A 60-year-old man comes to the office for evaluation of a 6-month history of intermittent chest pain. He describes substernal tightness and pain that occur when he walks quickly or climbs stairs. The symptoms last about 10 minutes and slowly fade away with rest. These episodes do not happen at rest. The patient has a known history of coronary artery disease with coronary artery bypass grafting surgery 7 years ago. Other medical problems include hypertension and hyperlipidemia. Blood pressure is 140/78 mm Hg and pulse is 78/min and regular. There are no murmurs on cardiac auscultation. Lungs are clear bilaterally. Treadmill stress test is performed. Seven minutes into the test, the patient develops chest pain and the treadmill is stopped. Sublingual nitroglycerin is administered, which almost immediately relieves the patient's pain. What is the predominant mechanism responsible for the rapid pain relief in this patient?
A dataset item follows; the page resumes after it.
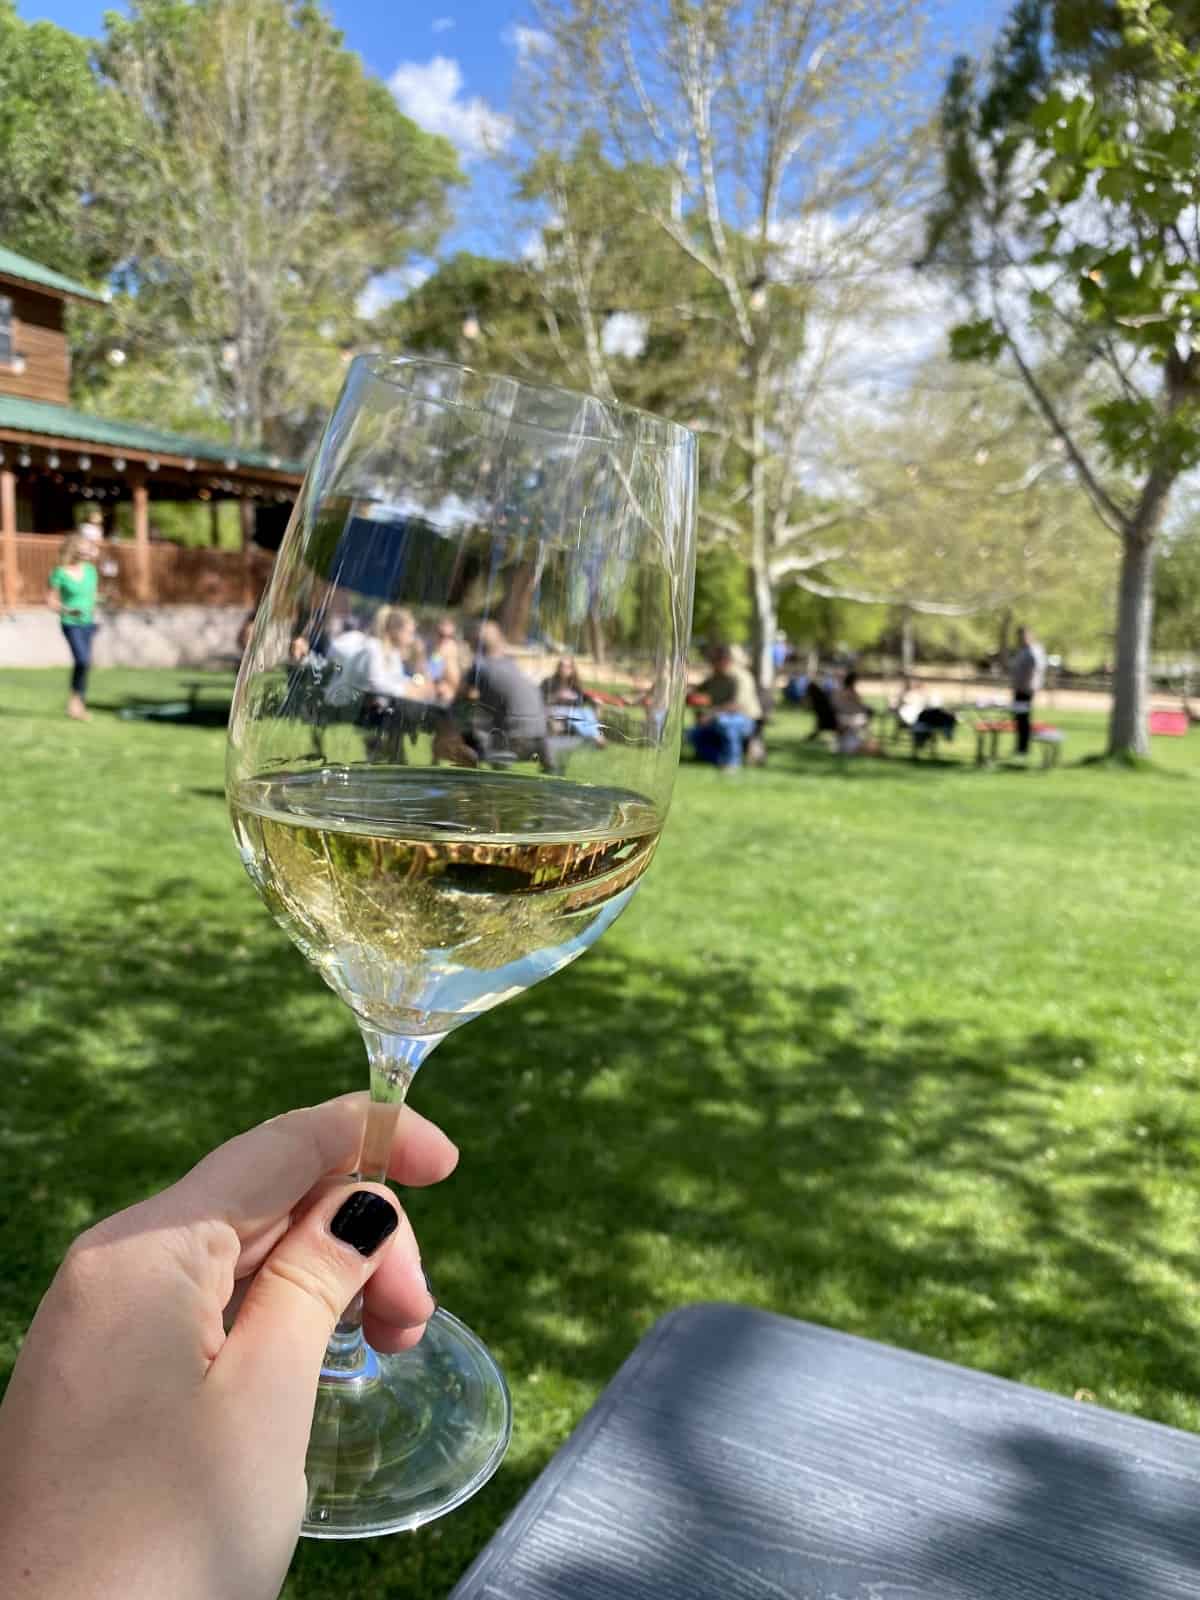 A Guide to Sedona Wineries | Wine tasting in Sedona, Arizona, was quite a surprise and makes a perfect day trip from Sedona. Most of these wineries are only 20 minutes from downtown Sedona and are a lovely day of wine, music, & scenery. Arizona wineries you should visit, what to do in Sedona! #sedona #wineries #arizona

This patient with coronary artery disease has a classic presentation of chronic stable angina (exertional chest pain relieved by rest), with rapid relief of his symptoms following the administration of sublingual nitroglycerin. Nitrates exert their effect by direct vascular smooth muscle relaxation causing systemic venodilation and an increase in peripheral venous capacitance. Their primary anti-ischemic effect is mediated by systemic vasodilation and decrease in cardiac preload resulting in a decrease in left ventricular end-diastolic and end-systolic volume. This, in turn, leads to a reduction in left ventricular systolic wall stress - which reflects afterload and is proportional to (pressure * radius / thickness) - and a decrease in myocardial oxygen demand, resulting in relief of anginal symptoms.
Although nitrates act as coronary vasodilators (via direct relaxation of coronary vascular smooth muscle cells), the beneficial effect of this mechanism is uncertain (Choice A). The coronary arterioles in the area of flow-limiting coronary stenosis are already dilated by innate mechanisms, allowing maintenance of resting blood flow across the stenotic lesion. Nitrate-induced coronary vasodilation paradoxically decreases coronary perfusion pressure across the stenotic lesion by diverting blood flow to arterioles supplying the normal myocardium.
(Choices B and E) Beta blockers and calcium channel blockers exert an antianginal effect partially via a decrease in the heart rate (negative chronotropic effect) or contractility (negative inotropic effect). Nitrates do not have a direct effect on cardiac chronotropy; they may cause decreased inotropy due to decreased preload, but their antianginal effect is thought to be due primarily to a reduction in wall stress.
(Choice D) At low doses (such as those used in sublingual nitroglycerin preparations), nitrates have only a modest effect on arterial and arteriolar dilation and cause minimal or no change in systemic vascular resistance. Higher doses can lead to a drop in systemic blood pressure.
Educational objective:
Sublingual nitroglycerin is used as a first-line agent for rapid relief of symptoms in patients with angina pectoris. The antiischemic effect of nitrates is mediated by systemic vasodilation with a decrease in left ventricular end-diastolic volume and wall stress resulting in decreased myocardial oxygen demand.